Conference Call and Webcast
CTI will host a webcast and conference call at 8:30 a.m. ET today to review its fourth quarter and full year 2022 financial results and provide a corporate update. The live and archived webcast may be accessed on the CTI BioPharma website under the Investors & Media section: Events and Presentations. To participate via telephone, please register in advance using the link provided in the event listing. The Company suggests participants log in 15 minutes in advance of the event.
About VONJO® (pacritinib) capsules
VONJO® (pacritinib) is an oral kinase inhibitor with activity against wild type Janus Associated Kinase 2 (JAK2), mutant JAK2V617F form, IRAK1, ACVR1 (ALK2) and FLT3, which contribute to signaling of a number of cytokines and growth factors that are important for hematopoiesis and immune function. Myelofibrosis is often associated with dysregulated JAK2 signaling. At clinically relevant concentrations, pacritinib does not inhibit JAK1.
VONJO is indicated for the treatment of adults with intermediate or high-risk primary or secondary (post-polycythemia vera or post-essential thrombocythemia) myelofibrosis with a platelet count below 50 × 109/L. This indication is approved under accelerated approval based on spleen volume reduction. Continued approval for this indication may be contingent upon verification and description of clinical benefit in a confirmatory trial(s). CTI is conducting the Phase 3 PACIFICA study of VONJO in patients with myelofibrosis and severe thrombocytopenia as a post-marketing requirement.
Important VONJO Safety Information
•Hemorrhage: Serious (11%) and fatal (2%) hemorrhages have occurred in VONJO-treated patients with platelet counts <100 × 109/L. Serious (13%) and fatal (2%) hemorrhages have occurred in VONJO-treated patients with platelet counts <50 × 109/L. Grade ≥3 bleeding events (defined as requiring transfusion or invasive intervention) occurred in 15% of patients treated with VONJO compared to 7% of patients treated on the control arm. Due to hemorrhage, VONJO dose reductions, dose interruptions, or permanent discontinuations occurred in 3%, 3%, and 5% of patients, respectively. Avoid use of VONJO in patients with active bleeding and hold VONJO seven days prior to any planned surgical or invasive procedures. Assess platelet counts periodically, as clinically indicated. Manage hemorrhage using treatment interruption and medical intervention.
•Diarrhea: VONJO causes diarrhea in approximately 48% of patients compared to 15% of patients treated on the control arm. The median time to resolution in VONJO-treated patients was two weeks. The incidence of reported diarrhea decreased over time, with 41% of patients reporting diarrhea in the first eight weeks of treatment, 15% in weeks 8 through 16, and 8% in weeks 16 through 24. Diarrhea resulted in treatment interruption in 3% of VONJO-treated patients. None of the VONJO-treated patients reported diarrhea that resulted in treatment discontinuation. Serious diarrhea adverse reactions occurred in 2% of patients treated with VONJO compared to no such adverse reactions in patients in the control arm. Control pre-existing diarrhea before starting VONJO treatment. Manage diarrhea with antidiarrheal medications, fluid replacement, and dose modification. Treat diarrhea with antidiarrheal medications promptly at the first onset of symptoms. Interrupt or reduce VONJO dose in patients with significant diarrhea despite optimal supportive care.
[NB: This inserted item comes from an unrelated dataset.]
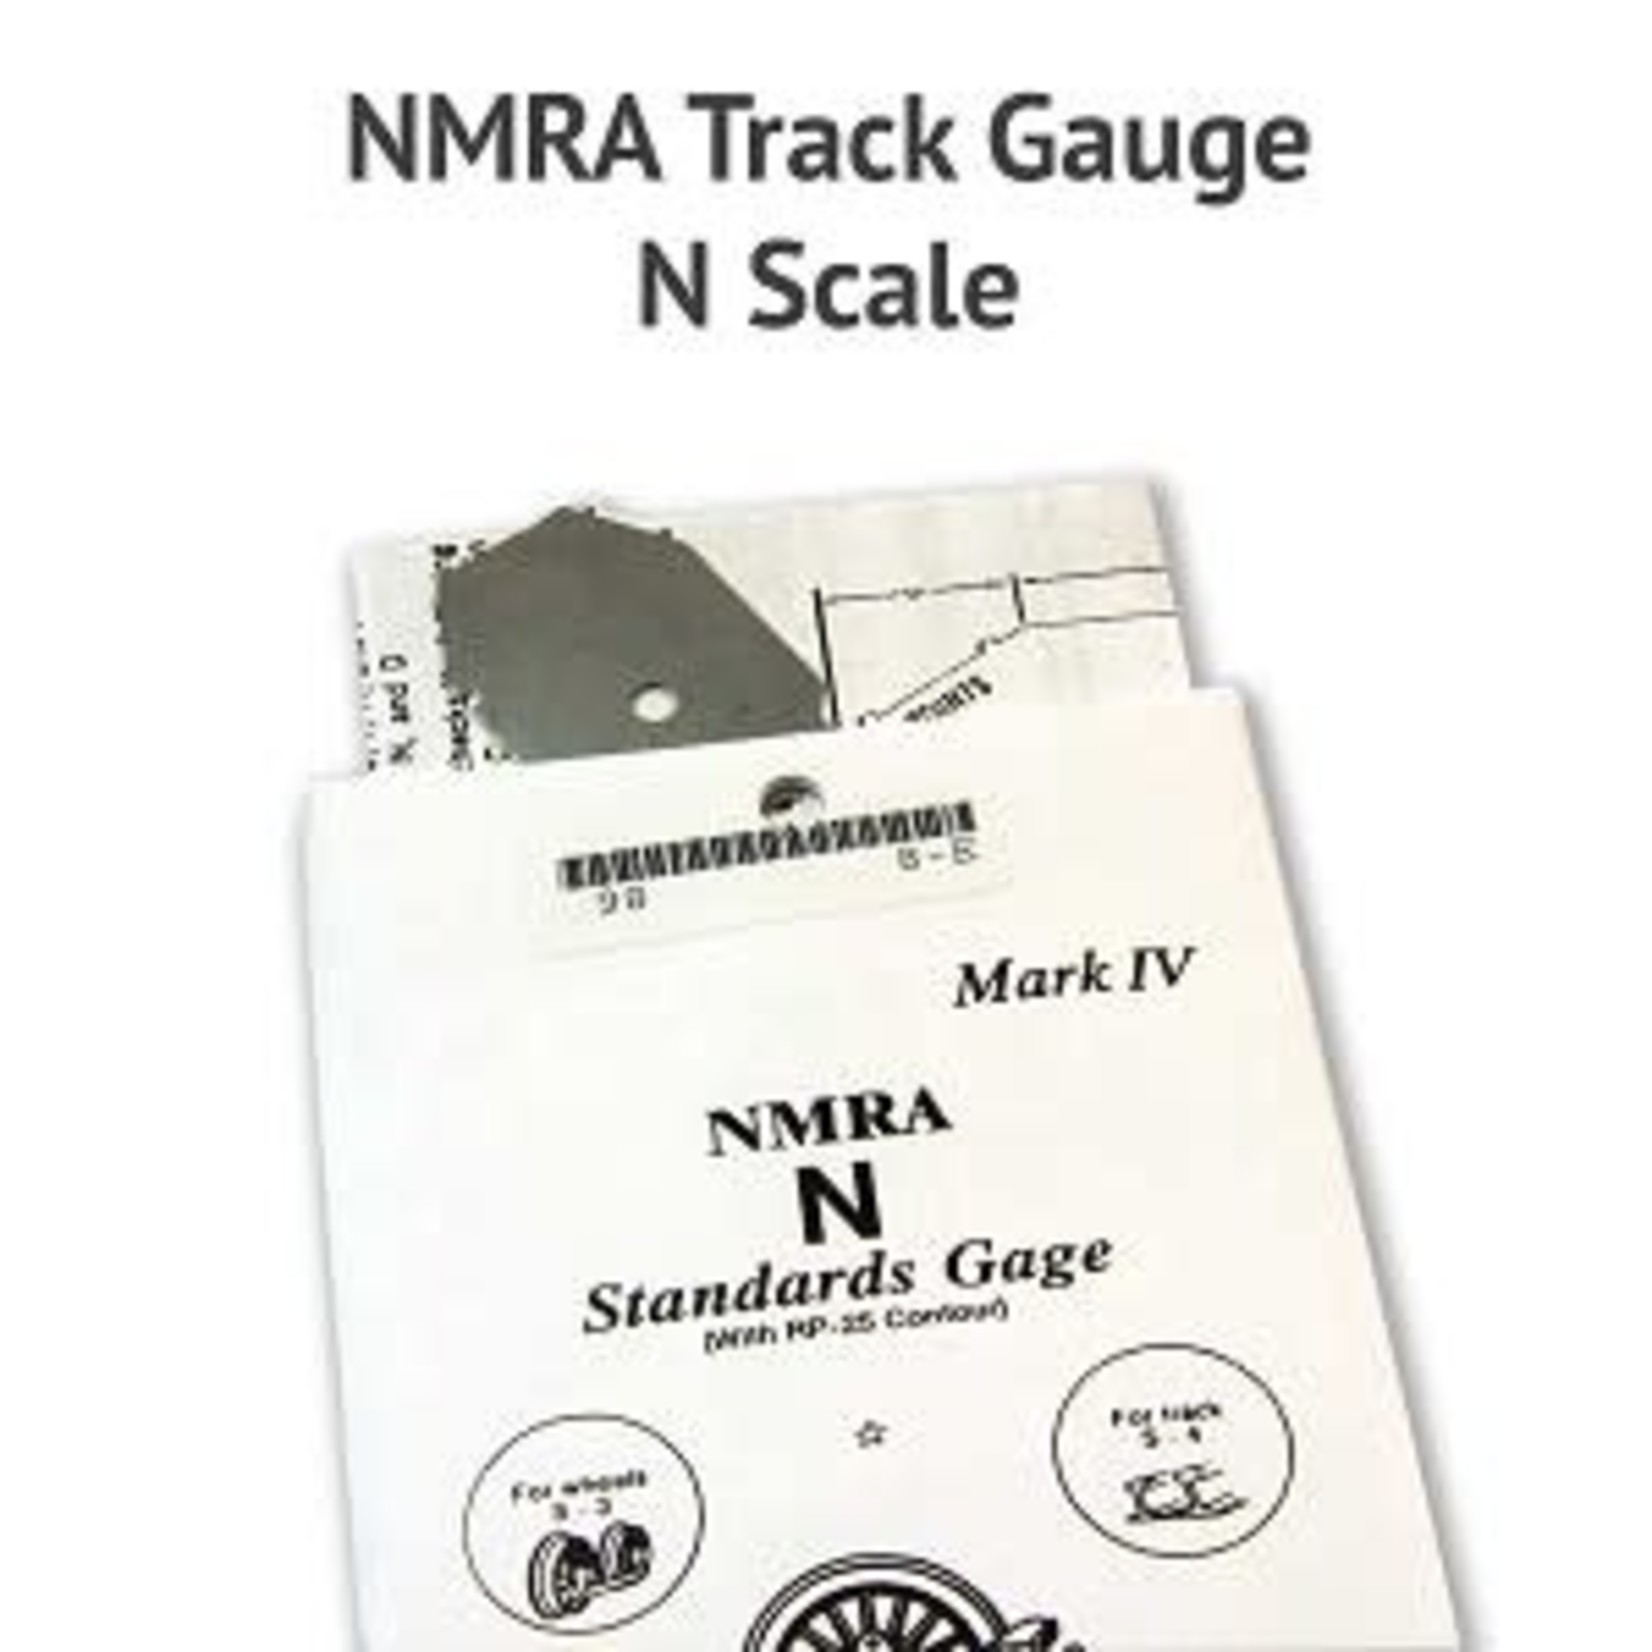 N NMRA Track Gauge

•Thrombocytopenia: VONJO can cause worsening thrombocytopenia. VONJO dosing was reduced due to worsening thrombocytopenia in 2% of patients with pre-existing moderate to severe thrombocytopenia (platelet count <100 × 109/L). VONJO dosing was reduced due to worsening thrombocytopenia in 2% of patients with pre-existing severe thrombocytopenia (platelet count <50 × 109/L). Monitor platelet count prior to VONJO treatment and as clinically indicated during treatment. Interrupt VONJO in patients with clinically significant worsening of thrombocytopenia that lasts for more than seven days. Restart VONJO at 50% of the last given dose once the toxicity has resolved. If toxicity recurs hold VONJO. Restart VONJO at 50% of the last given dose once the toxicity has resolved.
•Prolonged QT interval: VONJO can cause prolongation of the QTc interval. QTc prolongation of >500 msec was higher in VONJO-treated patients than in patients in the control arm (1.4% vs 1%). QTc increase from baseline by 60 msec or higher was greater in VONJO-treated patients than in
control arm patients (1.9% vs 1%). Adverse reactions of QTc prolongation were reported for 3.8% of VONJO-treated patients and 2% of control arm patients. No cases of torsades de pointes were reported. Avoid use of VONJO in patients with a baseline QTc of >480 msec. Avoid use of drugs with significant potential for QTc prolongation in combination with VONJO. Correct hypokalemia prior to and during VONJO treatment. Manage QTc prolongation using VONJO interruption and electrolyte management.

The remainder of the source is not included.